Sullayman (1997) disclosed that there has been an increasing
demand for ceramic wares throughout West African sub-region particularly
in Nigeria. He re-iterated that the growing demand of ceramics in the
modern world, has covered the field of “architectural, sanitary, electrical
9
and even electronic”. For instance, in architecture and construction,
ceramic provides bricks, tiles and other structural clay products. Sanitary
wares of all sorts are enhanced and in electrical work ceramic provides
electrical insulators, sockets and other elements used in electrical
services.
On the other hand, ceramic contributes in the automobile industry by
providing spark plugs and cylindrical pipes for transporting water, sewage
wastes and other liquids. The use of ceramic products are numerous. Thus
the importance of ceramic in the industrialization of any nation cannot be
over-stressed.
Opoku (2003) opined that the development of raw materials has an
enormous role in the socio-economic life of the people of any nation. He
further emphasized that its development as a sub-sector of the economy
helps to advance the industrial growth and self-reliance through the
effective use of the local raw materials as inputs for the industries. Raw
materials that exist in Kebbi State are part of the wealth possession of the
people of Kebbi State and the country in general. In this connection, the
exploitation and utilization of the mineral resources are essential in the
improvement of the standard of living of some people of the state.

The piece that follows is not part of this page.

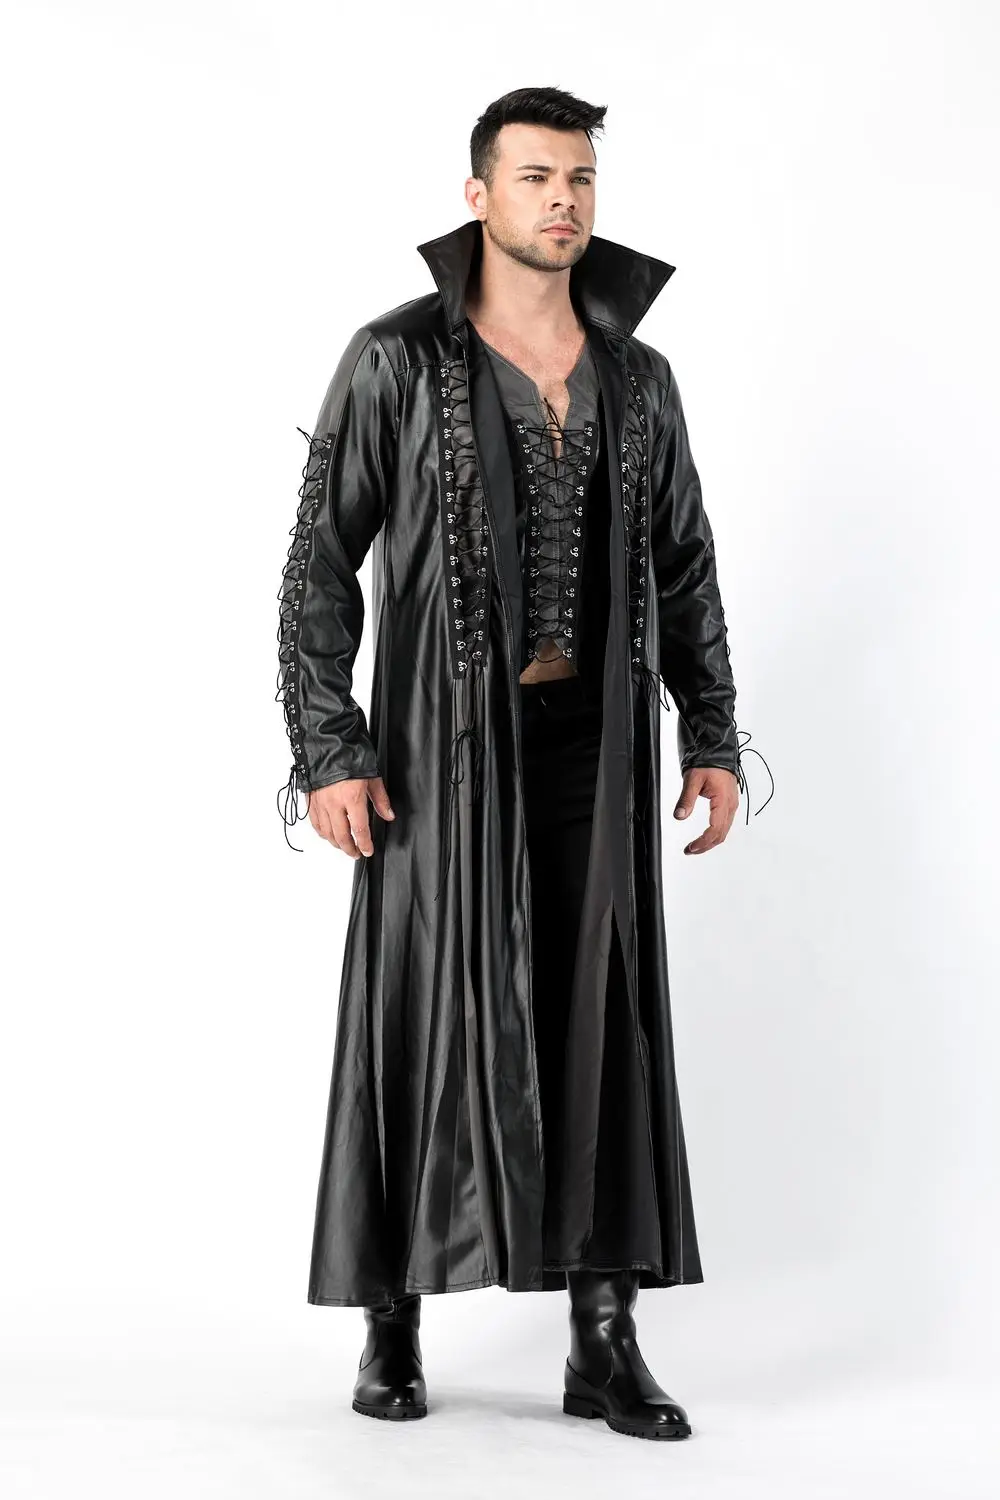 Готический костюм вампира, мужские кожаные костюмы на Хэллоуин, матричный имперский костюм вампира, мужской маскарад, вечеринка, Хэллоуин, косплей

Similarly, clarion calls and campaigns on the importance of selfreliance
and industrialization have been vigorously pursued by the federal,
10
state and local governments. Alkali (2003) in support of the above
assertion stated that the problem of unemployment and poverty forced the
Federal Government to establish the National Directorate of Employment
(NDE) in 1986.
According to him, the organ is charged with the responsibility of
mapping out strategies to curb the menace of unemployment in the
country. Amongst the objectives of the National Directorate of Employment
is the need to develop and groom young entrepreneurs who are properly
equipped with technical and managerial skills to successful start and
manage enterprises such as small-scale industries.

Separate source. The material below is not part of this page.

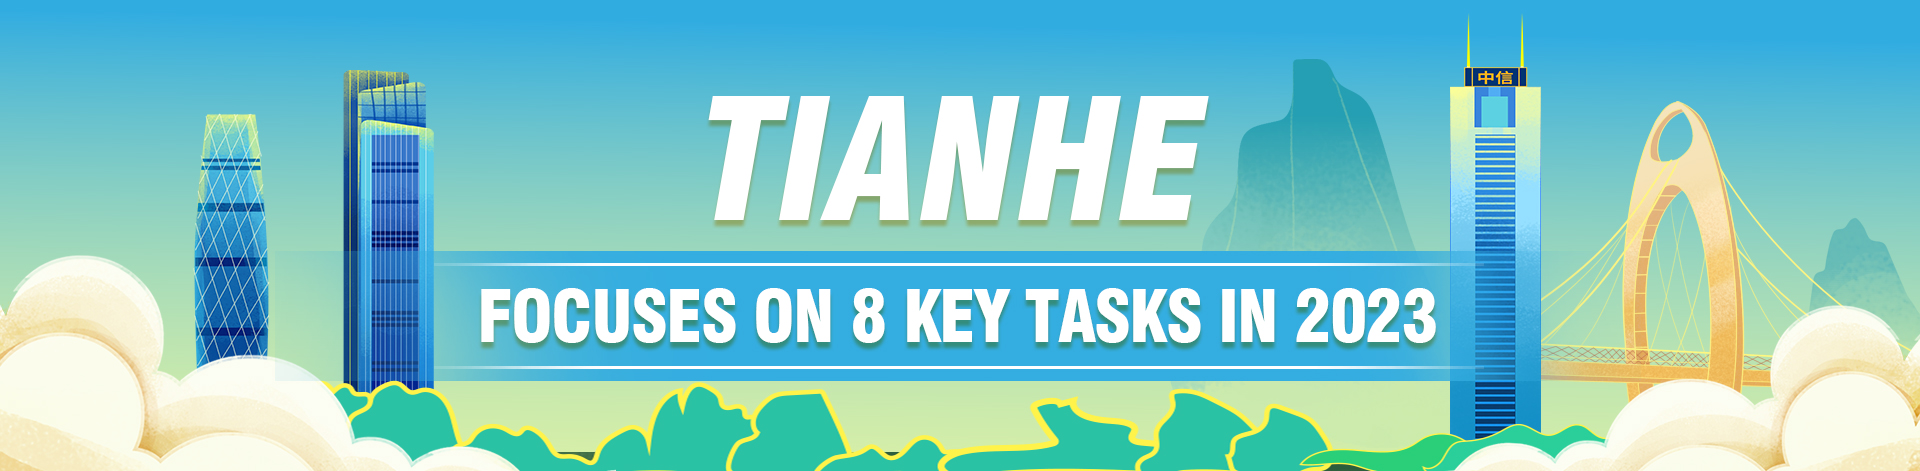 Tianhe focuses on 8 key tasks in 2023

When industries are put in place, employment opportunities will be
created for our teeming youths. As a result of this, the vital role of
industrialization will be inculcated in the minds of entrepreneurs. By
extension, it may encourage the entrepreneurs establish more industries in
their respective localities. Thus, eventually reduce rural urban migration.
Therefore, the need for research on the Evaluation of the Suitability
of Ceramic Raw Materials in Kebbi State for the Production of Tableware
for Small-Scale Industry is not only relevant at this time of industrialization
drive but quite significant in the development of ceramic in the country.
Furthermore, it is expected that the outcome of this study will contribute
towards the industrial and economic growth of Kebbi state. In addition, the
11
study is also expected to contribute meaningfully to the development of
ceramic literature in any higher institution of learning and research
institutes.
Finally, it is hoped that the study will offer useful suggestions to
manufacturers, entrepreneurs, investors and interested persons or
organizations about ceramic raw materials in Kebbi State.